Cercle Brugge swingt en Stijn De Smet leidt de dans. Net op tijd kon het jonge Cercletalent zijn ambitie verleggen : ‘Vroeger teerde ik te veel op flitsen.’

Het etiket van eeuwige belofte lag al klaar om later op de doos met de naam ‘ Stijn De Smet‘ te plakken in de archieven van het Belgische voetbal. De jonge Bruggeling (22) had troeven genoeg om het tot de fine fleur van onze competitie te schoppen : technisch meer dan behoorlijk, intelligent de ruimte zoekend en een versnelling met de bal aan de voet. Helaas was zijn prestatiecurve even onregelmatig als ons Belgisch zomerweer. Stijn De Smet leek gedoemd om een nonchalante flitsenvoetballer te blijven.

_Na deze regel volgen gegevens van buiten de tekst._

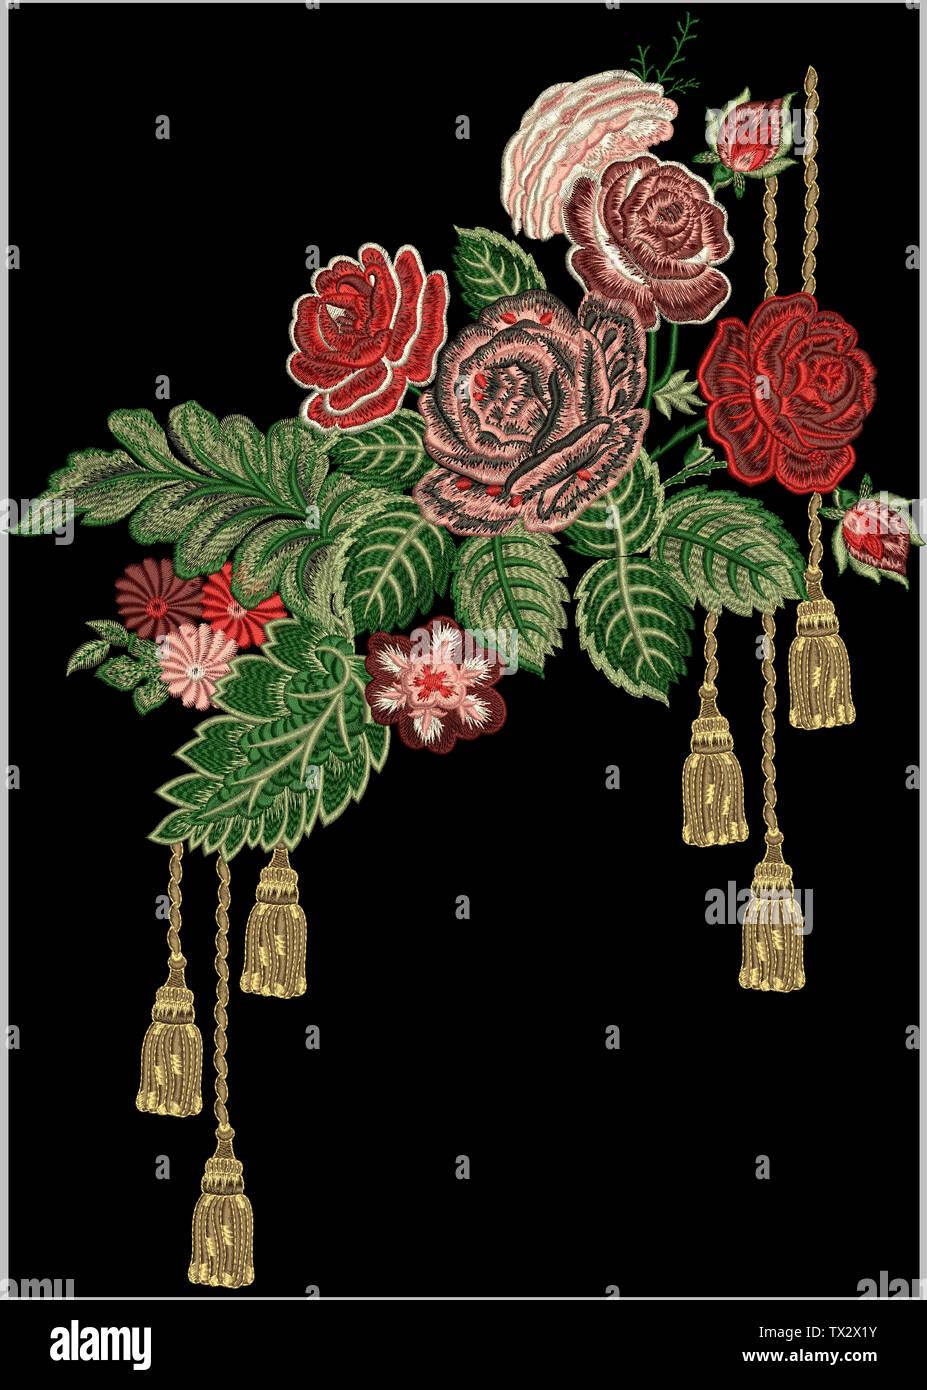 Textile Print Mughal Art miniature manual illustrated artwork Stock Photo

Harm van Veldhoven gaf het nochtans vorig seizoen al aan : Smetje is volwassen geworden en beseft stilaan dat hij meer ambitie moet koesteren. Het enthousiasme en het lef van de nieuwe coach Glen De Boeck deden de rest. Eindelijk toont De Smet waarom men hem bij Cercle als het grootste talent sinds Thomas Buffel beschouwt. Met zijn twee doelpunten en twee ontlokte strafschoppen was hij enkele weken geleden tegen STVV (zijn honderdste wedstrijd in de eerste klasse al !) de held van de avond. Veranderen doet De Smet niet, ondanks de uitgesproken media-aandacht die hem nu te beurt valt. Hij blijft een ietwat nonchalante profvoetballer, zonder kapsones, grappig bij momenten, maar naar de buitenwereld toe – en vooral de media – zeer gesloten en voorzichtig.

Je hebt de afgelopen weken een pak interviews moeten geven. Heb je iets bijgeleerd over jezelf ?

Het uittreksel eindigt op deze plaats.